Islam memberikan perhargaan yang sangat tinggi terhadap jiwa manusia. Karena itu Islam memandang pembunuhan satu jiwa manusia tanpa haq sama dengan membunuh seluruh manusia. Allah ﷻ berfirman:
وَمَنْ قَتَلَ نَفْسًا بِغَيْرِ نَفْسٍ أَوْ فَسَادٍ فِي الْأَرْضِ فَكَأَنَّمَا قَتَلَ النَّاسَ جَمِيعًا
Siapa saja yang membunuh satu jiwa, bukan karena dia membunuh jiwa yang lain atau bukan karena dia melakukan kerusakan di bumi, maka seakan-akan dia membunuh semua manusia (TQS al-Maidah [5]: 32).
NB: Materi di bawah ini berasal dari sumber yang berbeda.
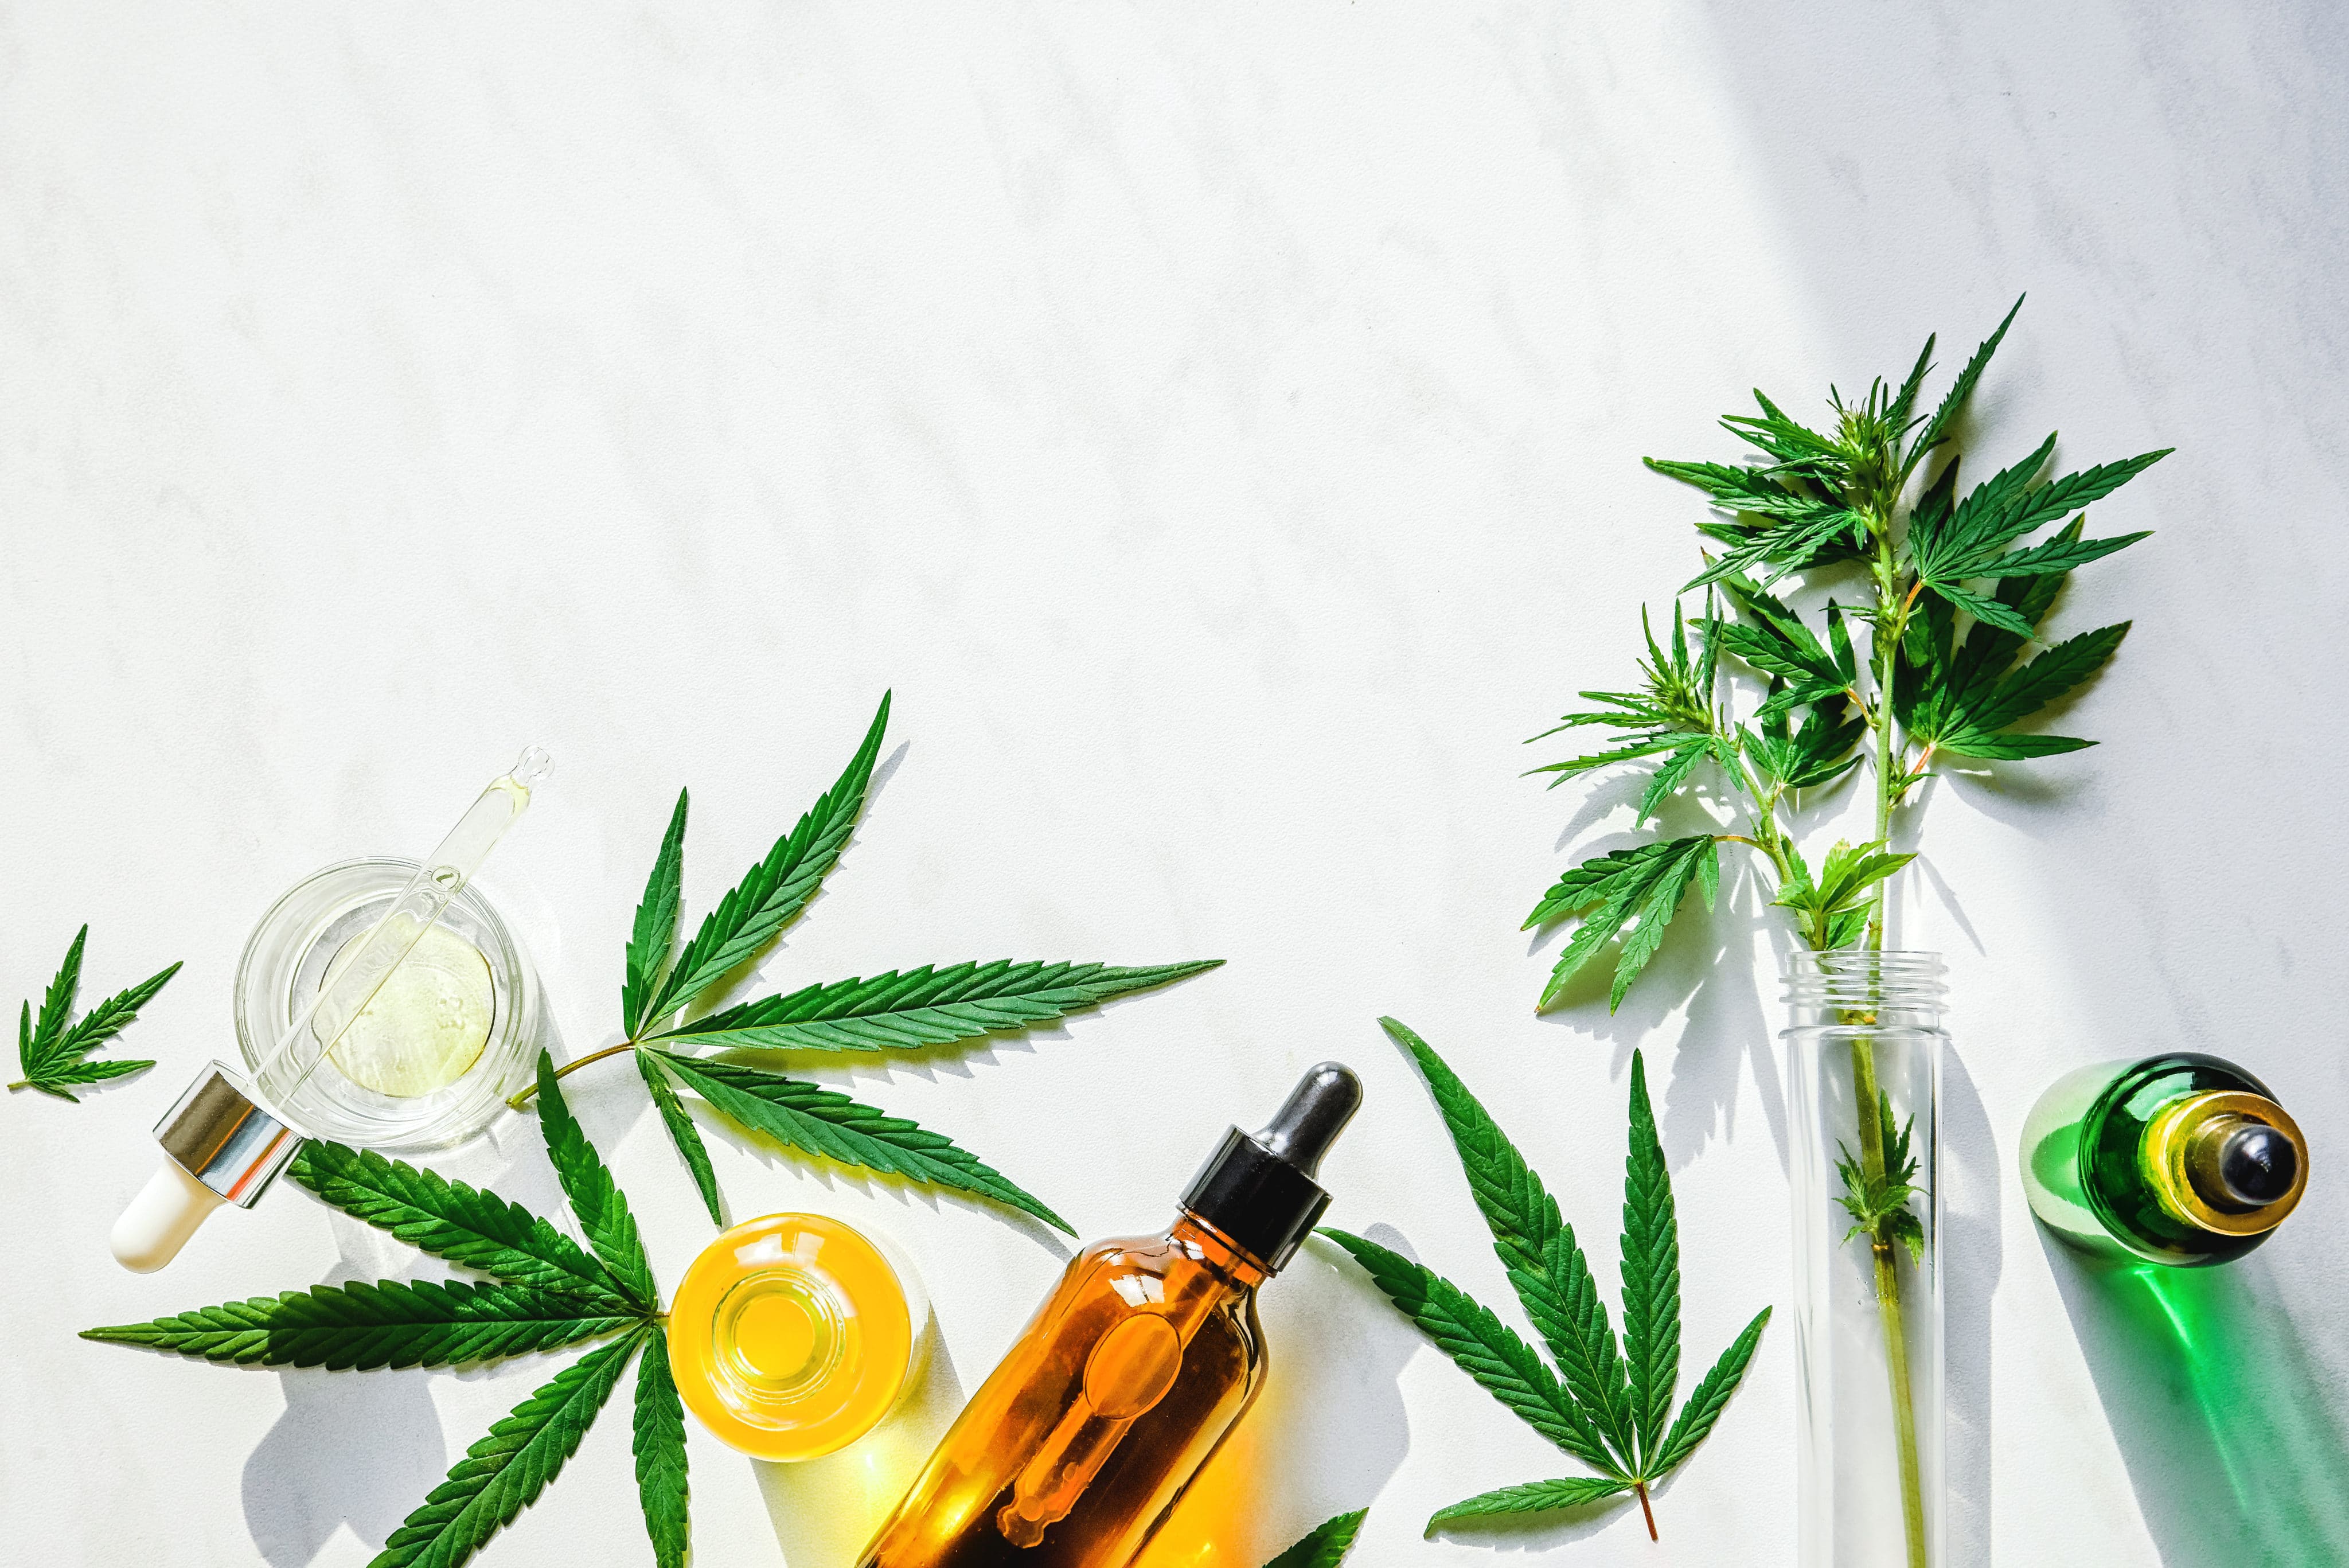 European Commission Makes Two Big Steps on CBD Reform Front

Bahkan dalam Islam, jangankan membunuh, sekadar menakut-nakuti orang lain saja, yang dapat membahayakan jiwanya, juga dilarang. Rasulullah ﷺ bersabda:
لَا يَحِلُّ لِمُسْلِمٍ أَنْ يُرَوِّعَ مُسْلِمًا
Tidak halal bagi seorang Muslim menakut-nakuti Muslim lainnya (HR Abu Dawud dan Ahmad).
Karena itu dalam Islam kasus pembunuhan seorang manusia bukanlah perkara sepele. Rasulullah ﷺ bersabda:
لَزَوَالُ الدُّنْيَا أَهْوَنُ عَلَى اللَّهِ مِنْ قَتْلِ رَجُلٍ مُسْلِمٍ
Hilangnya dunia lebih ringan di sisi Allah dibandingkan dengan terbunuhnya seorang Muslim (HR an-Nasa’i, at-Tirmidzi dan Ahmad).
Karena itu pula pelaku pembunuhan diancam dengan azab yang keras di Neraka Jahanam. Rasulullah ﷺ bersabda:
مَنْ قَتَلَ مُؤْمِنًا مُتَعَمِّدًا فَجَزَاؤُهُ جَهَنَّمُ خَالِدًا فِيهَا
Siapa saja yang membunuh seorang Mukmin dengan sengaja, maka balasannya adalah Neraka Jahanam, dia kekal di dalamnya (HR al-Bukhari dan Muslim).
Keseluruhan dalil ini menunjukkan bahwa nyawa seorang Muslim sangat berharga dalam Islam. Islam melarang keras pembunuhan tanpa alasan yang dibenarkan oleh syariah. Islam menjadikan tindakan pembunuhan sebagai salah satu dosa besar.
Hukuman yang Tegas
Berdasarkan ketentuan hukum Islam, pelaku pembunuhan wajib dikenai hukum qishâsh, yakni hukuman balasan yang setimpal. Karena itu pembunuh wajib dibunuh lagi (dihukum mati). Allah ﷻ berfirman:
يَا أَيُّهَا الَّذِينَ آمَنُوا كُتِبَ عَلَيْكُمُ الْقِصَاصُ فِي الْقَتْلَى
Wahai orang-orang yang beriman! Telah diwajibkan atas kalian hukum qishâsh berkenaan dengan orang-orang yang dibunuh (TQS al-Baqarah [2]: 178).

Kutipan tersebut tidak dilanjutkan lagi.